By default, LightRAG's storage backends are file-persisted, in-memory databases. These default storages are intended only for development and debugging, and are not suitable for production. In a production environment, if you prefer a single backend to handle all four storage types, you can choose PostgreSQL, MongoDB, or OpenSearch. Alternatively, you can select specialized databases for vector or graph storage, such as using Milvus or Qdrant for vector storage, and Neo4j or Memgraph for graph storage.
In practice, you may also want to adjust the following environment variables based on your needs:
- SUMMARY_LANGUAGE: Controls the language used by the LLM when outputting entity-relation names and summaries, e.g.,
Chinese,English. - ENTITY_EXTRACTION_USE_JSON: Controls whether the LLM outputs entity-relation extractions in JSON format.

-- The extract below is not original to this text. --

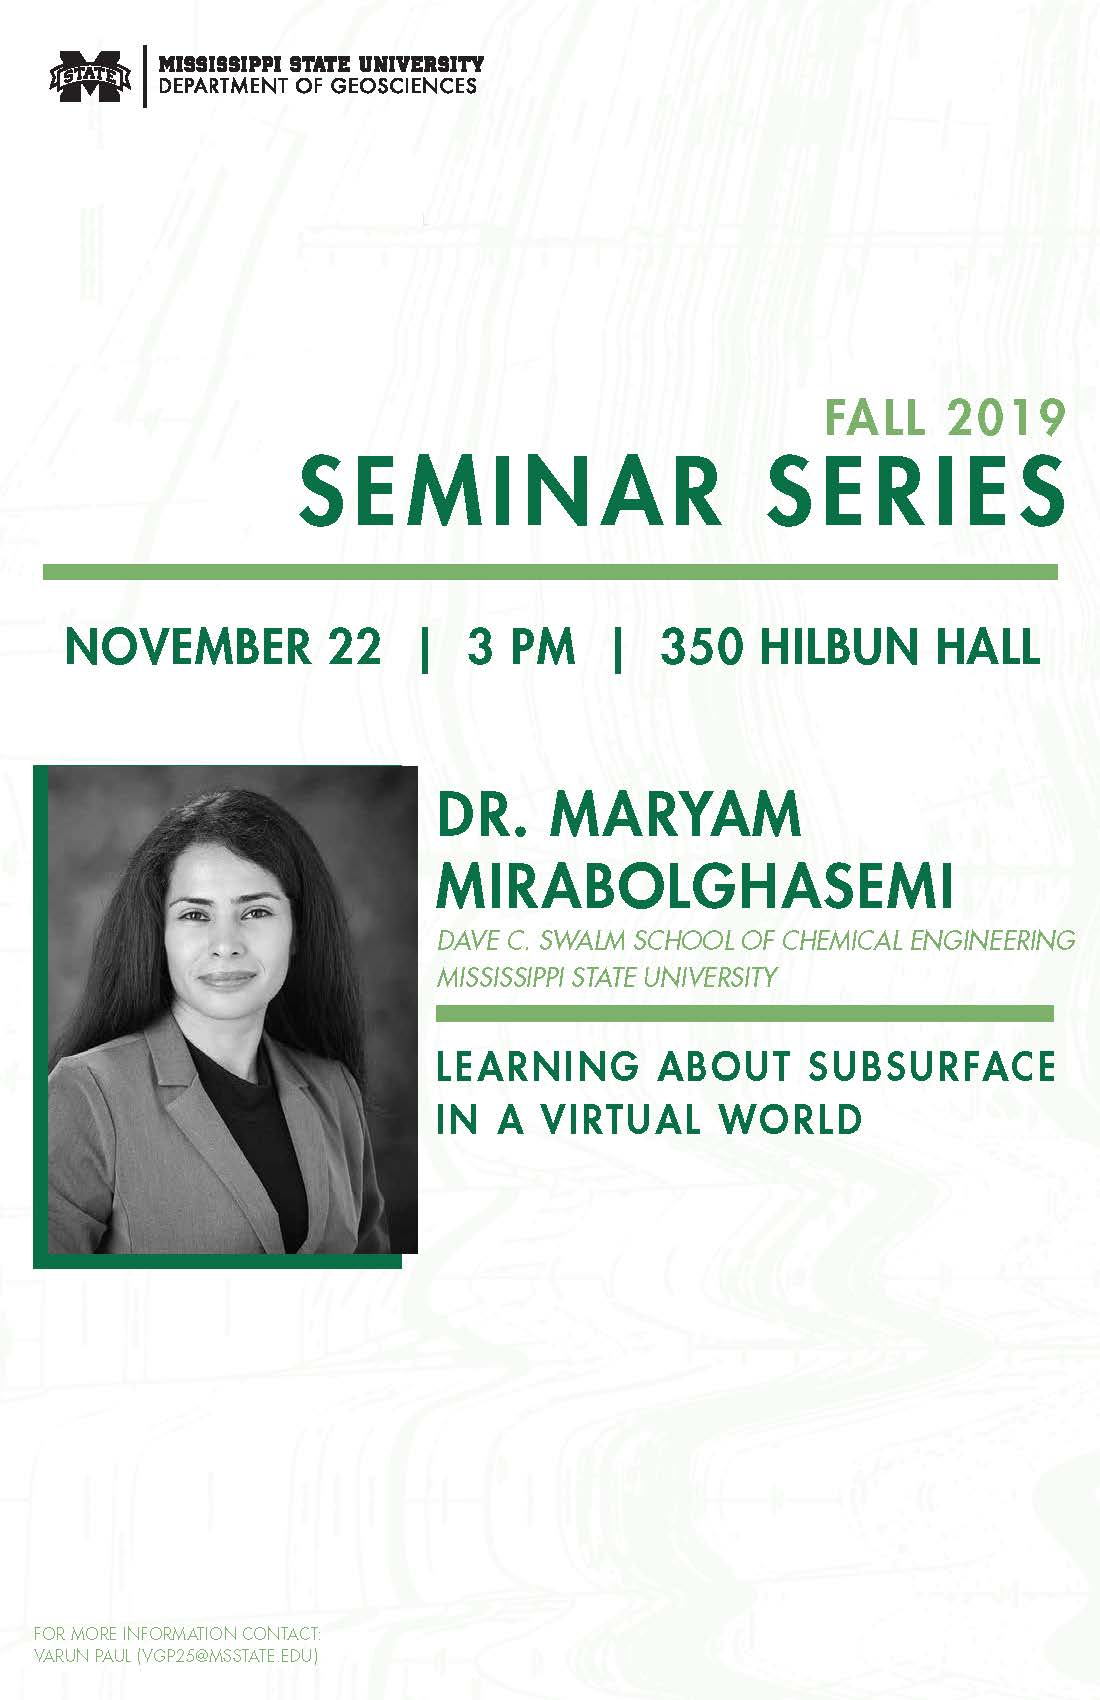 Dr. Maryam Mirabolghasemi seminar poster

Using JSON format typically yields more stable results, but it consumes more tokens and can be slightly slower.
⚠️ For integration into your project, we strongly recommend using the REST API provided by the LightRAG Server. The LightRAG SDK is primarily intended for embedded applications or academic research and evaluation purposes.
- Install from source code
cd LightRAG
# 注意: uv sync 会自动在 .venv/ 目录创建虚拟环境
uv sync
source .venv/bin/activate # 激活虚拟环境 (Linux/macOS)
# Windows 系统: .venv\Scripts\activate
# 或: pip install -e .- Install from PyPI
uv pip install lightrag-hku
# 或: pip install lightrag-hkuTo get started with LightRAG core, refer to the sample codes available in the examples folder. Additionally, a video demo demonstration is provided to guide you through the local setup process. If you already possess an OpenAI API key, you can run the demo right away:
### you should run the demo code with project folder
cd LightRAG
### provide your API-KEY for OpenAI
export OPENAI_API_KEY="sk-...your_opeai_key..."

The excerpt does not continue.